なんだか画にならんが、私にはこれくらいでちょうどいいのだ。
「嬢」
洗い物の途中、背中越しにかけられたレミィの声に、私の箸先からほぐした鮭の身が落ちた。
「……。」
ここまでなんとかやってはみたが、やはりいつも通りなんて無理な話である。
レミィがそれに気が付かない体でいてくれたのが、唯一の救いだった。
「"ふたば同盟"、でしたっけ?」
「……ああ、それが」
と、そこでなにかが引っ掛かった。
私は一昨日の出来事はひとつもレミィに聞かせていない。そんなレミィの口から『ふたば同盟』の名が出るのはおかしい。
それを察したようにレミィは付け加える。
「実は、昨日キャロが訪ねてきたんです。嬢は休んでいると伝えたのですぐに帰ったようでしたが、その時に」
「……そう」
寝起きの素っ気なさはいつものことという具合か、彼女は続ける。
「嬢も、加盟してはどうですか?」
「は?」
皿の上の鮭は、残り三割。
端にのけた小骨の山を凝視しながら、思わず箸が止まった。
「どうしたいきなり」など、言うまでもなく理解したようにレミィが言う。
「昨日のキャロも、その話で来たようです。」
「入るって?」
「いえ、先ずはあなたと話がしたいと。」
「……。」
確かに、キャロもそこまで一人で冒険できる奴ではない。行くにも勇気がなく、だが諦めるにもそれに至らず、それで仕方なくここまで来たのだろう。

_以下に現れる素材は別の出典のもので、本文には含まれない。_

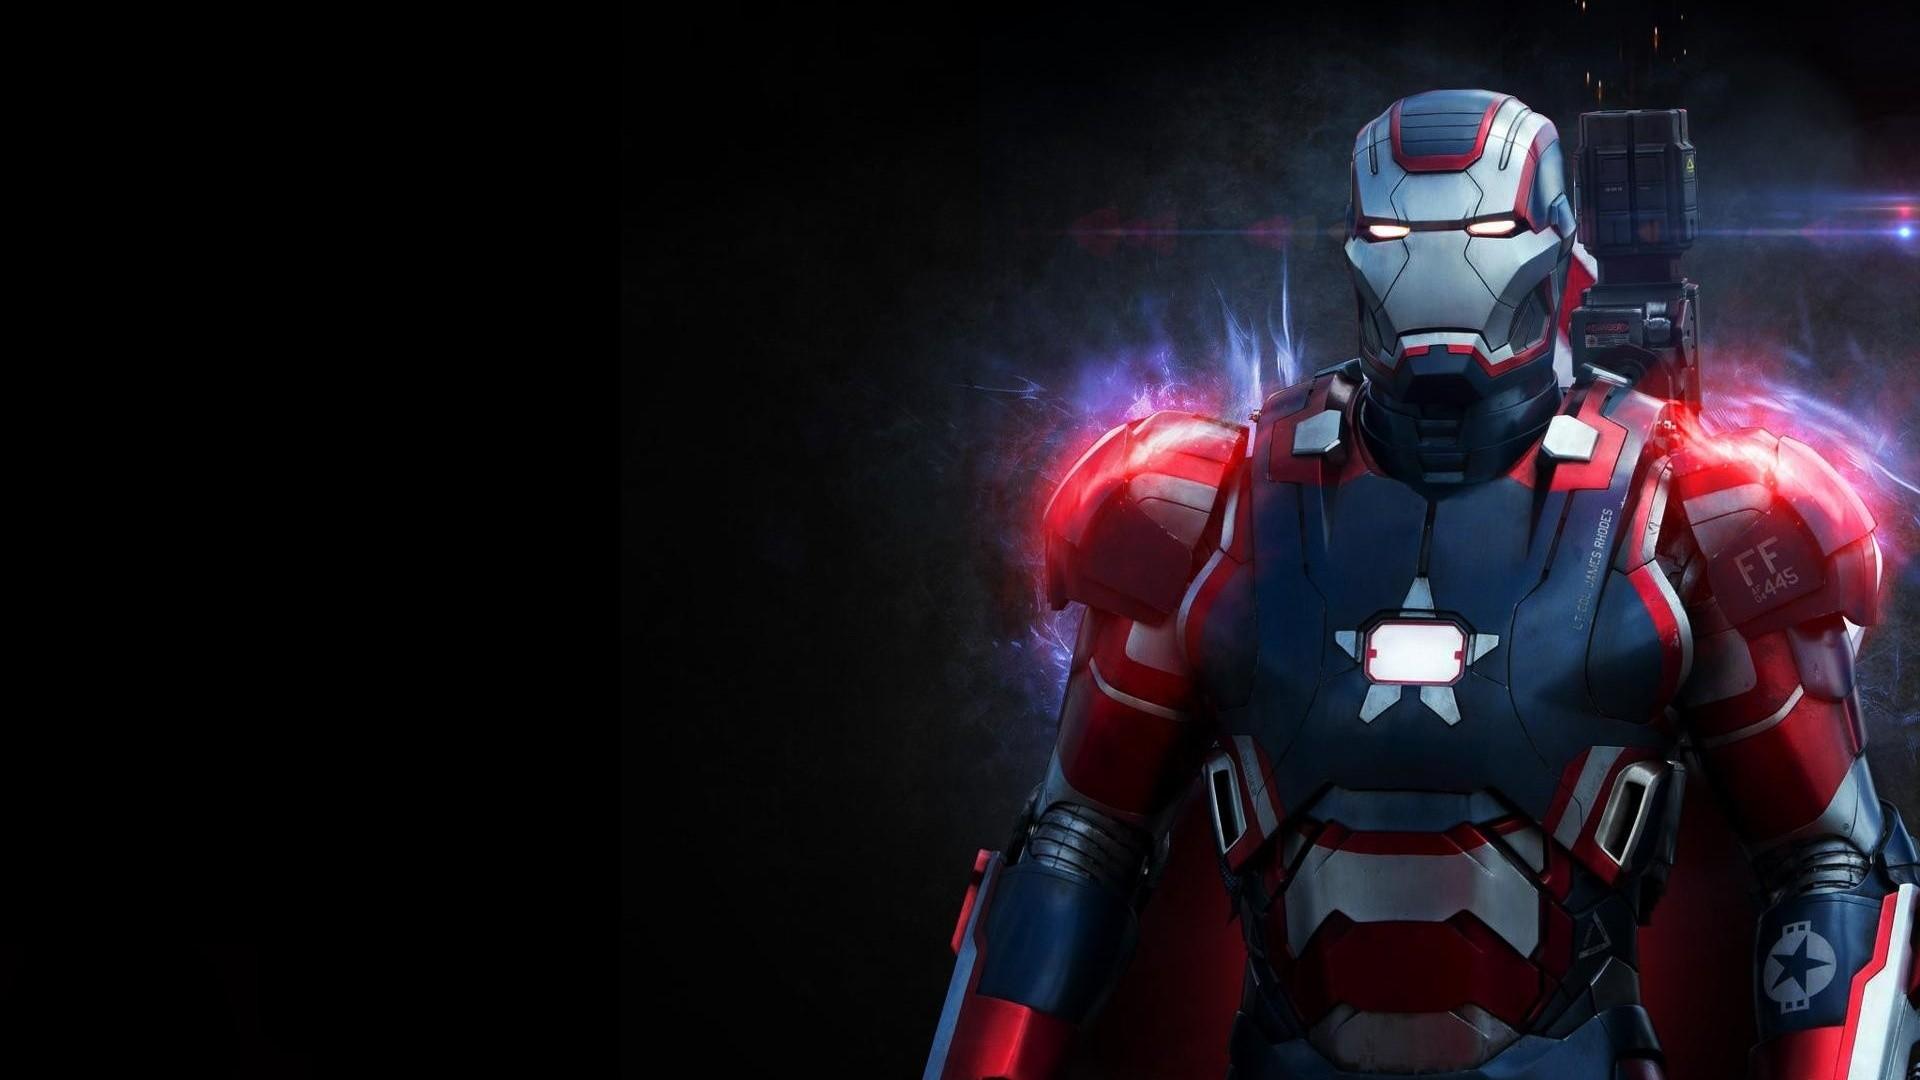 Iron Patriot desktop PC and Mac wallpaper

だがまさかあのキャロも、偏屈の私の口から「やめとけ」以外の言葉が出るとは思っていまい。大方諦めをつけに来たようなものか。
レミィは手元に水を流しながら続ける。
「良い機会だと思います。あまり窮屈なグループでもないようですし、検討する価値はありますよ。」
「……。」
まあ、その通りではある。
正直な話、私もあそこの居心地のよさは気に入っている。
鬱陶しい連中がいなくもないが、それも込みに考えても、悪くはない。
それでも、なんの支えもないというわけではない。
セントラルタワーは、特殊アバターが気軽に踏み込める場所ではない。
あそこに属するということは、同時にレミィと距離を空ける時間が長くなることを意味している。
「……あのさ」
"おまえはいいのかよ"
その言葉を出そうとして、慌ててそれを飲み込んだ。
残念ながら、私にはそれを聞く程の勇気がない。
私は残りの鮭をかき込んで、ぬるい茶で流し込んだ。
湯呑みを置くと、その音を合図にするようにレミィが皿を片付ける。
「……出掛ける」
席を立つと、レミィが流し台から振り向いた。
「珍しいですね、いつもは黙っていなくなるのに。」
「んー」
洗面所から生返事を返して、顔に冷水を浴びる。
鏡に写った寝起きの顔も、これで少しはましになる。
一先ず身支度を済ませて、玄関で伸びをした。
「夕飯までには戻ると思う。」
「用意しておきます。」
台所から声だけが返ってきた。
見送りに来てはくれないかと、やや時間をかけて靴を履いてみたが、やはり忙しいのかレミィは来なかった。
「いってきます」
呟くように溢した一言に、返事はなかった。
○○●○○●
「いいの、レミィ?」
「……。」
小声で言ったキュウに、彼女は小さく頷いた。